# 研究长期进化实验中柠檬酸盐的进化利用
在此，我们演示如何使用COMETS研究特定突变对实验进化过程中种群动态的影响。为此，我们将借鉴一项最著名的进化实验——大肠杆菌长期进化实验[E. coli Long Term Evolution Experiment]。

经过大约33000代之后，在大肠杆菌长期进化实验的一个复制群体（Ara-3）中观察到了大规模种群扩张现象（Blount等人，2008年）。这种种群扩张与两个关键突变有关，这两个突变共同促进了对空气中的柠檬酸强烈利用表型（Cit++表型）的进化。第一个突变（约在31000代时发生）导致了citT转运蛋白在有氧条件下的表达，产生了较弱的柠檬酸生长表型（Cit+，Blount等人，2012年）。随后的突变（约在33000代左右发生）引起了dctA蛋白的高度持续表达，这是一种质子驱动的二羧酸转运蛋白（Quandt等人，2014年）。由于这两个突变引入了已知的反应进入大肠杆菌代谢网络中，因此我们可以通过COMETS对其进行模拟。
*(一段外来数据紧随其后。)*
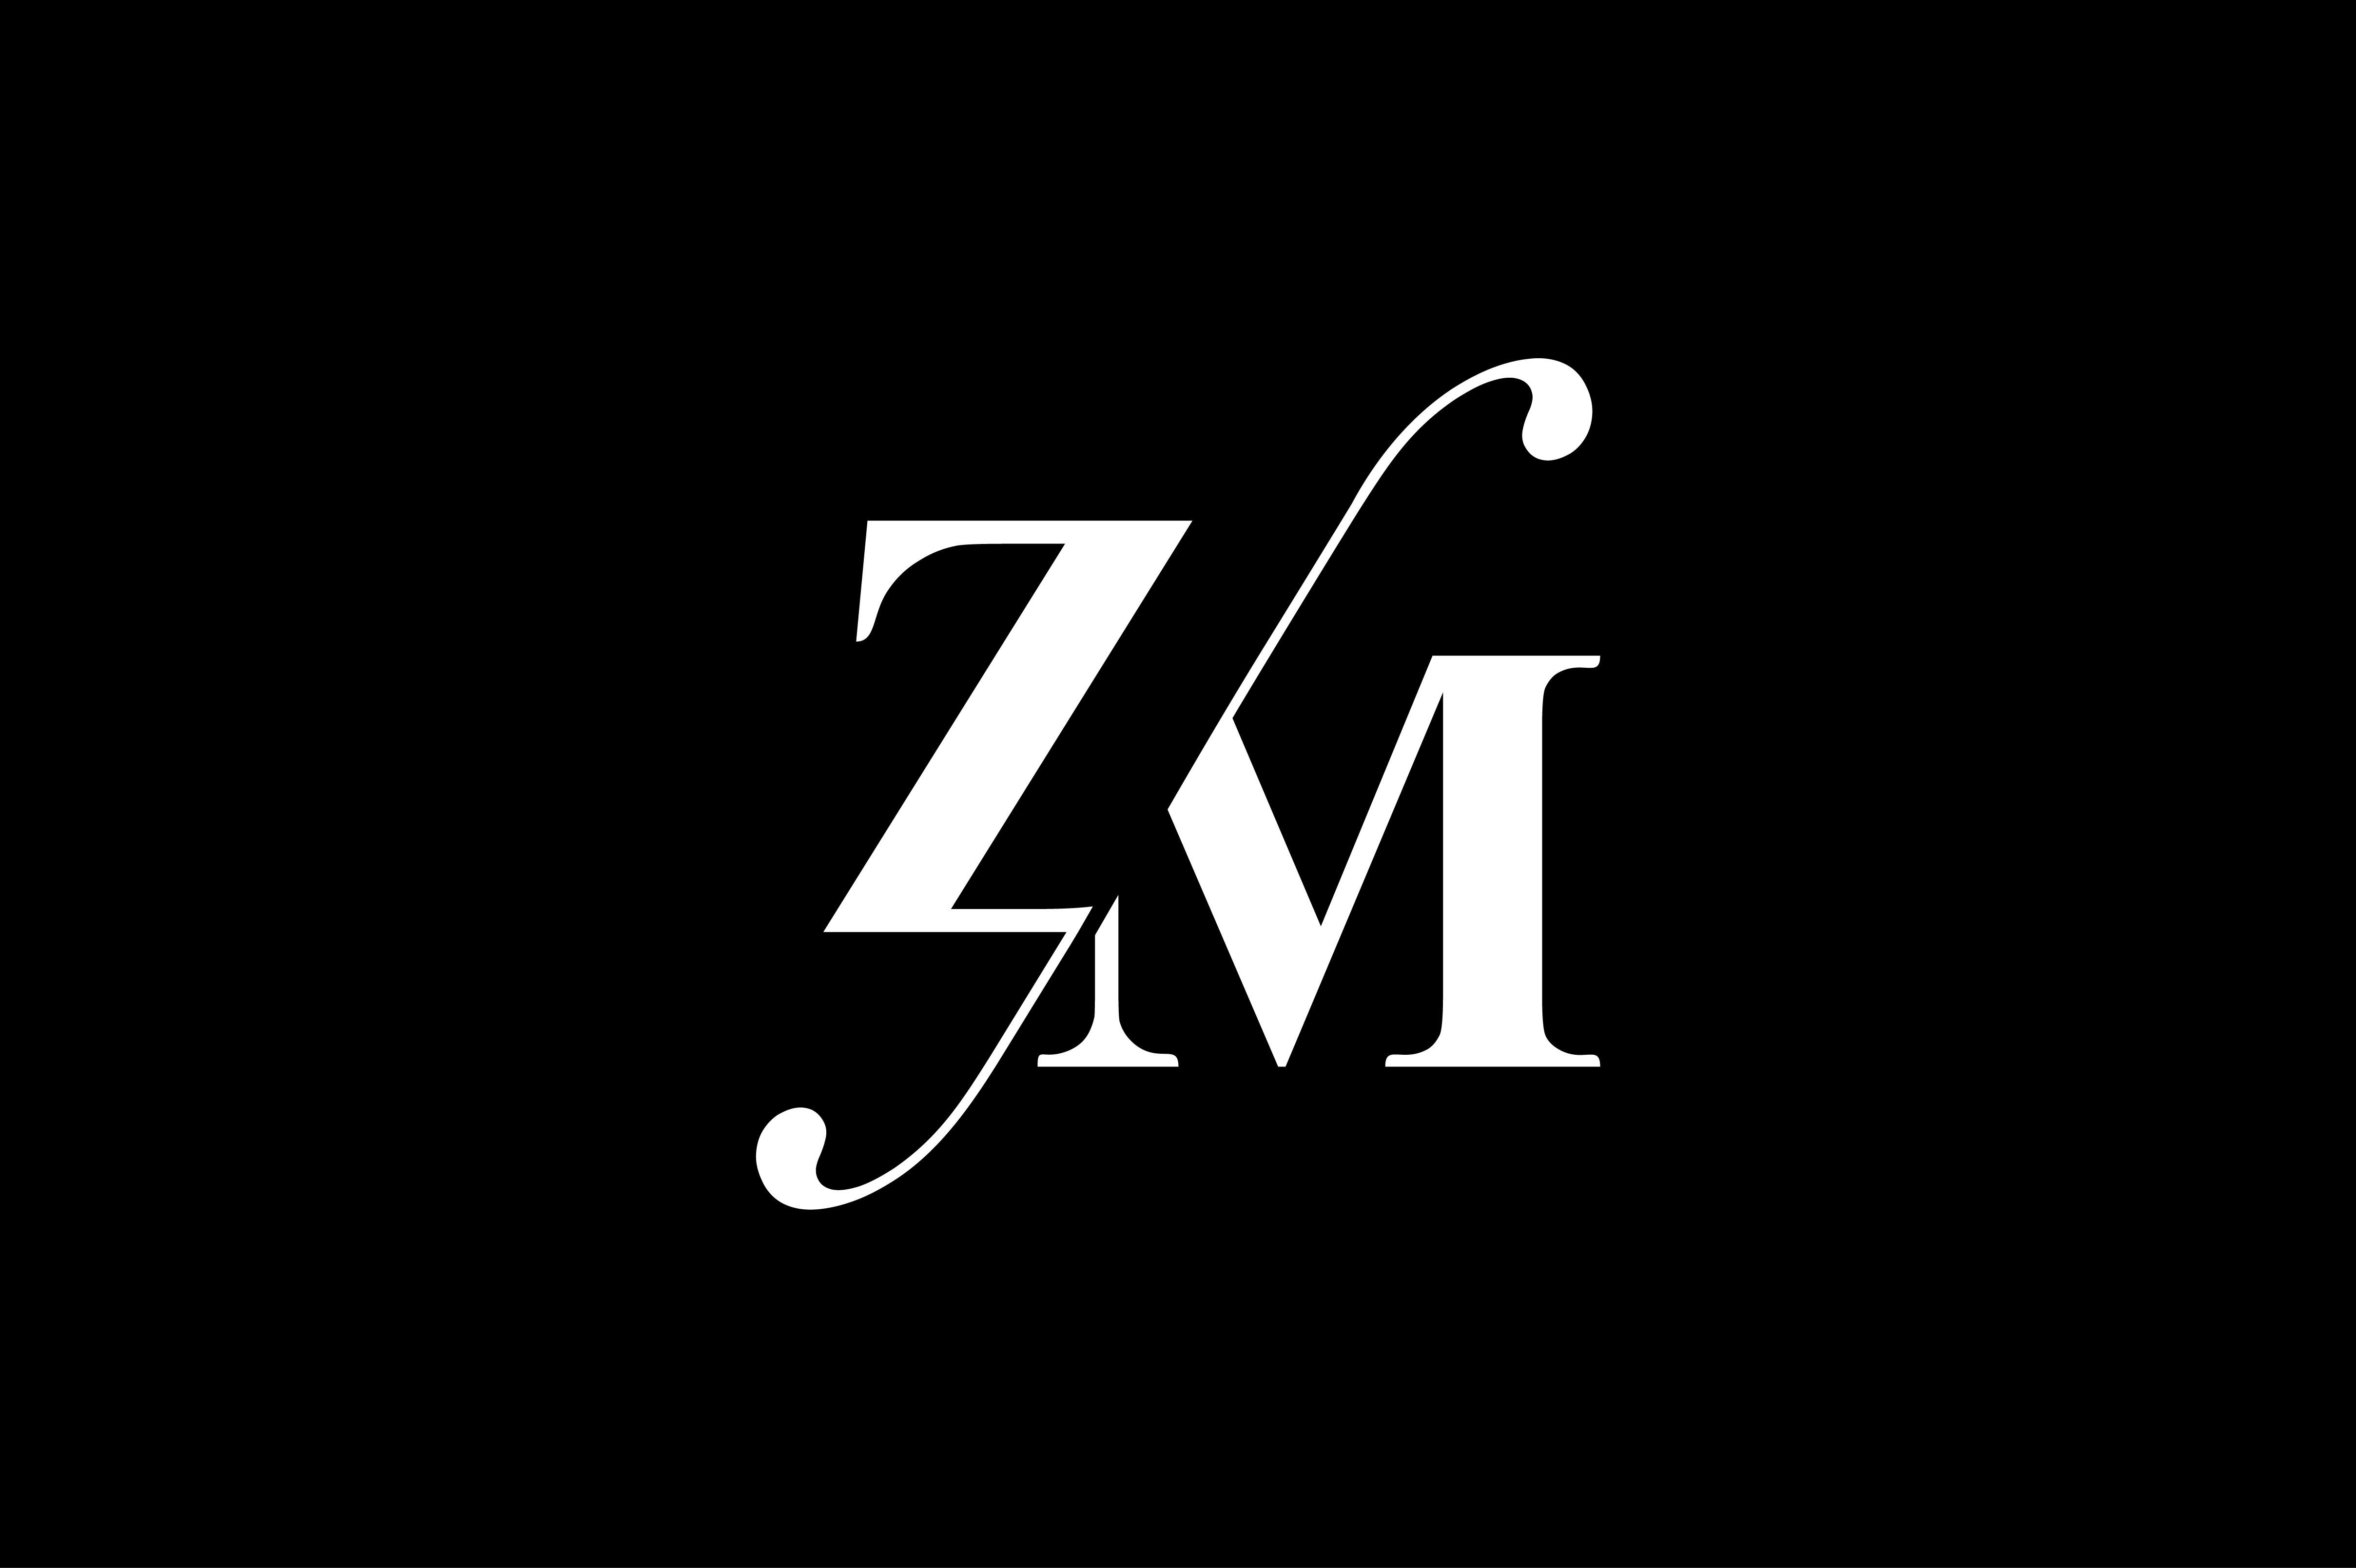 ZM Monogram Logo Design By Vectorseller | TheHungryJPEG.com

此示例模拟采用了与(Bajic等人，2018年)中相同的大肠杆菌模型、参数和反应敲除策略。

首先，创建布局并模拟DM25培养基。

In [1]:
import cometspy as c
import matplotlib as plt
import cobra.io
import cobra
import pandas as pd
import numpy as np

layout = c.layout()

#Set up media to be DM25
layout.add_typical_trace_metabolites()
layout.set_specific_metabolite('glc__D_e', 0.000139)
layout.set_specific_metabolite('cit_e', 0.0017)
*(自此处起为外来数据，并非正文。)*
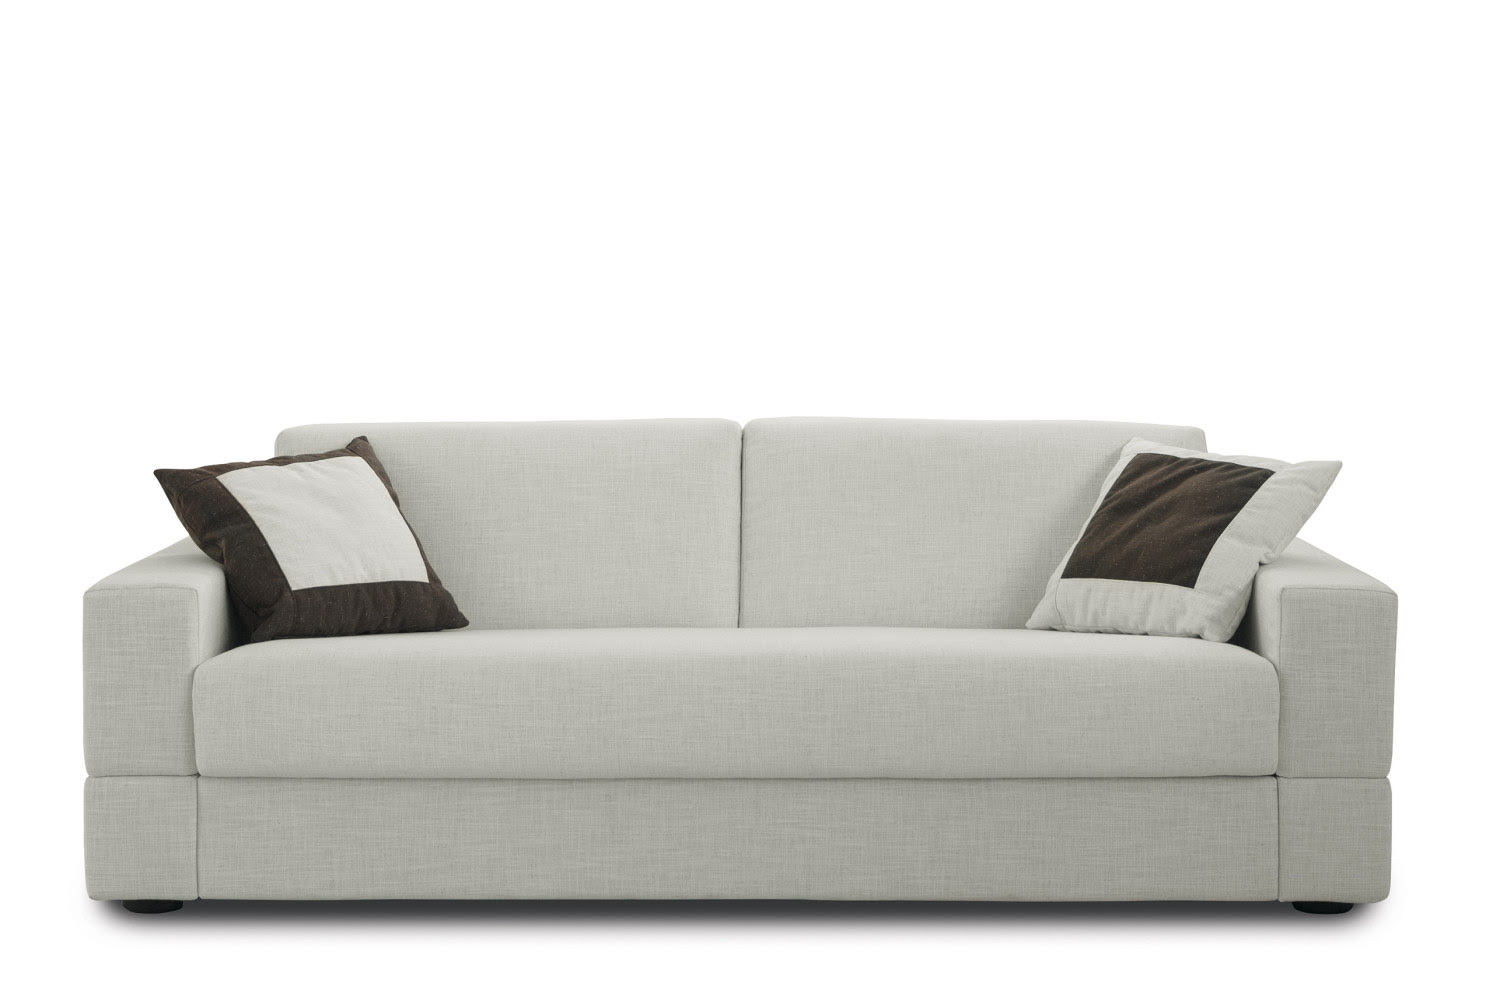 sprung sofa bed ebay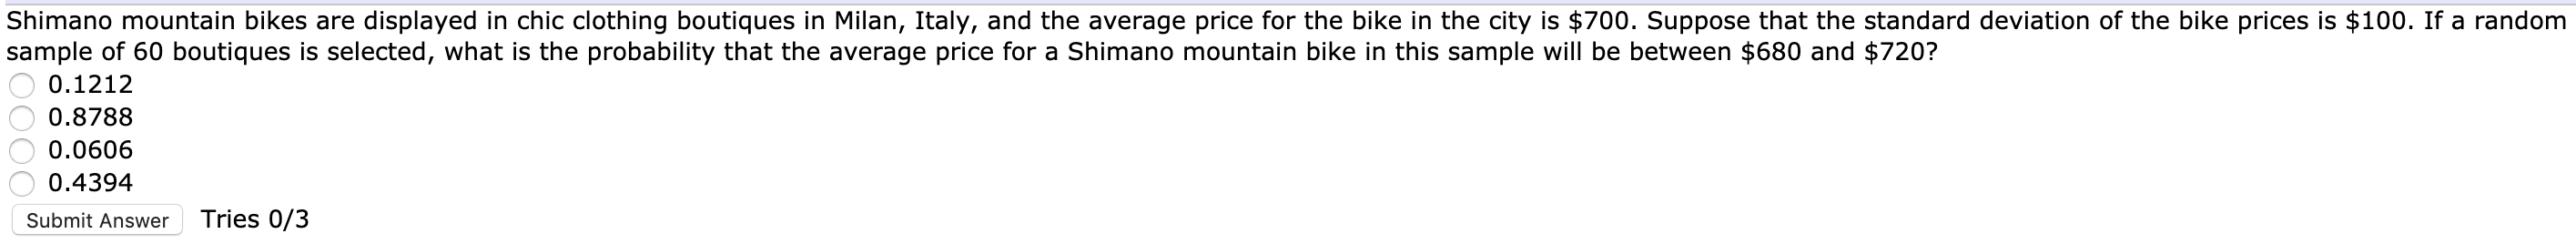 average bike prices

building empty layout model
models will need to be added with layout.add_model()


  self.media = pd.concat([self.media,


现在加载模型并构建突变体。为了展示与COBRApy工具箱的兼容性，我们将通过COBRA加载模型并对模型进行突变操作，然后将这些修改后的模型作为输入构建COMETS模型。
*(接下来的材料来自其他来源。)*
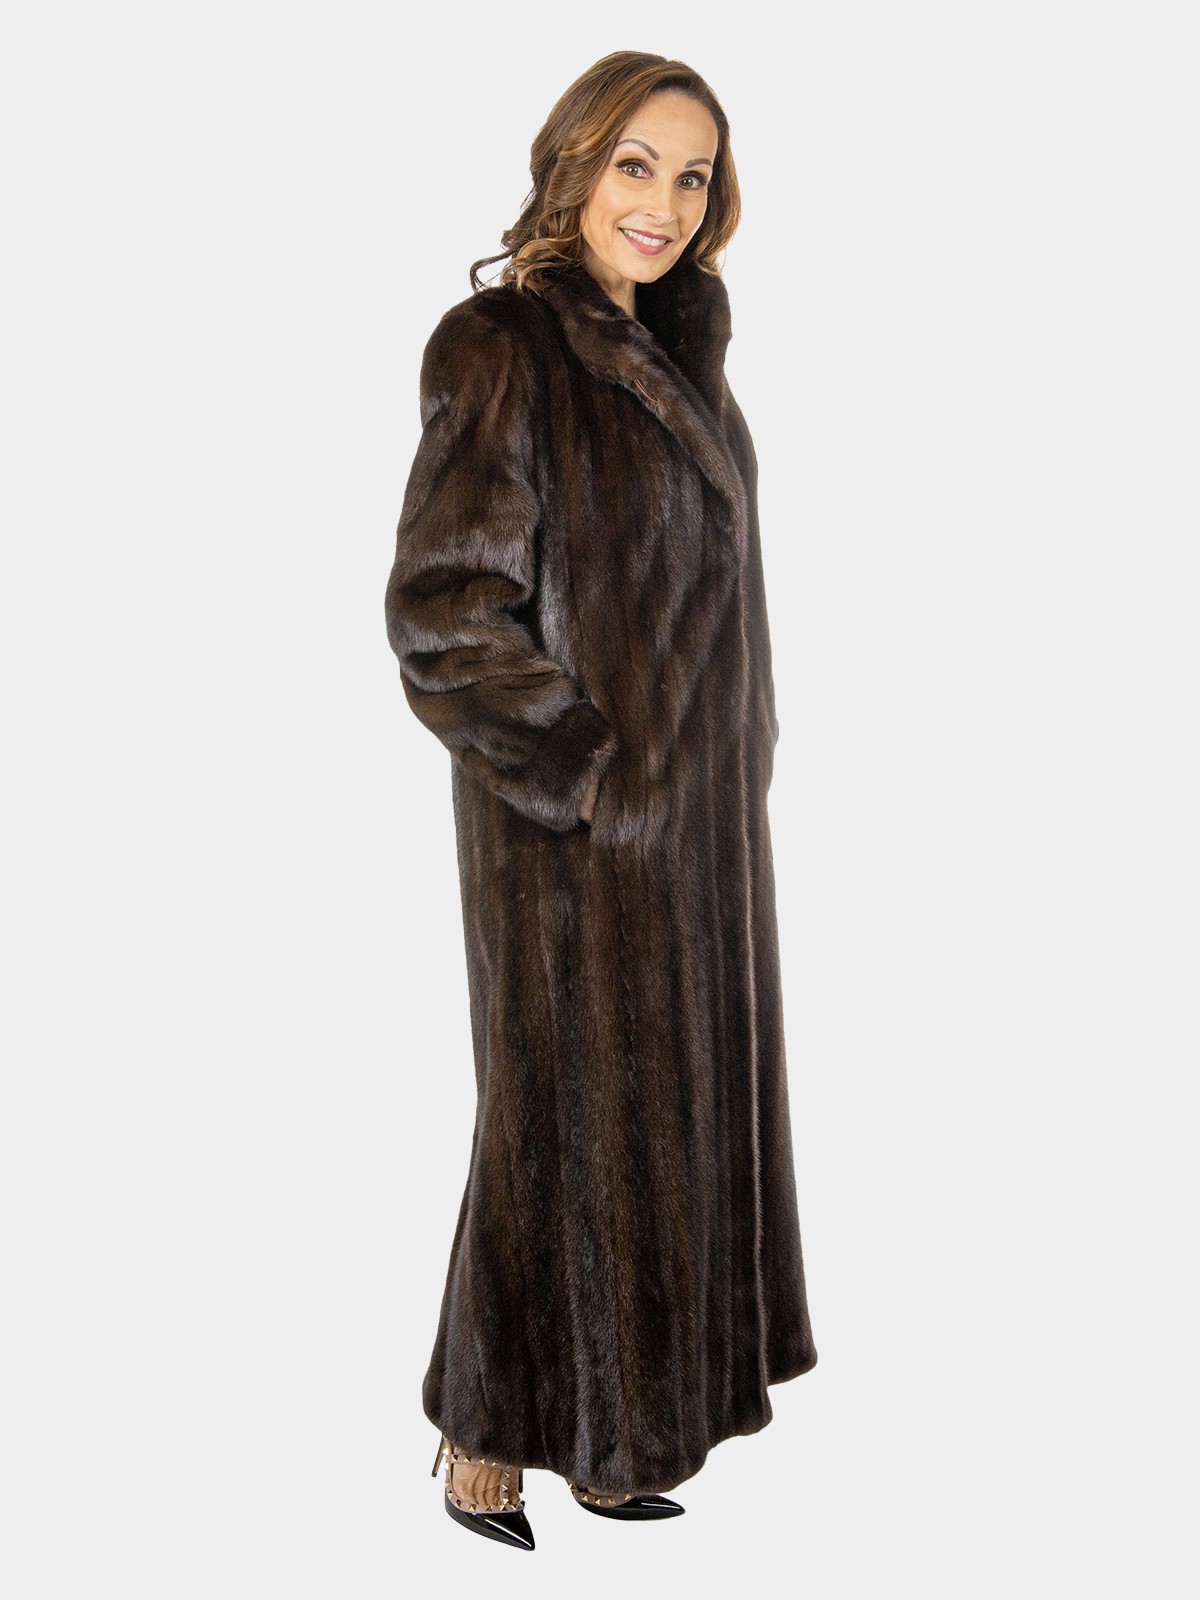 Mahogany Female Mink Fur Coat - Medium (53672) | Estate Furs

不同于LTEE（长期进化实验）的祖先菌株REL606（以及一般的大肠杆菌），虽然它们具有利用柠檬酸所必需的基因但在有氧条件下并不表达这些基因，而iJO1366模型默认情况下对柠檬酸和琥珀酸的利用反应是未加限制的。因此，要复现祖先表型，可以通过敲除三个反应：CITt7pp（编码citT的转运反应）、SUCCt2_2pp（编码dctA的转运反应）和SUCCt2_3pp（编码dcuA或dcuB的转运反应）。

In [2]:
# Load the E. coli iJO1366 model 
mod  = cobra.io.load_json_model("iJO1366.json")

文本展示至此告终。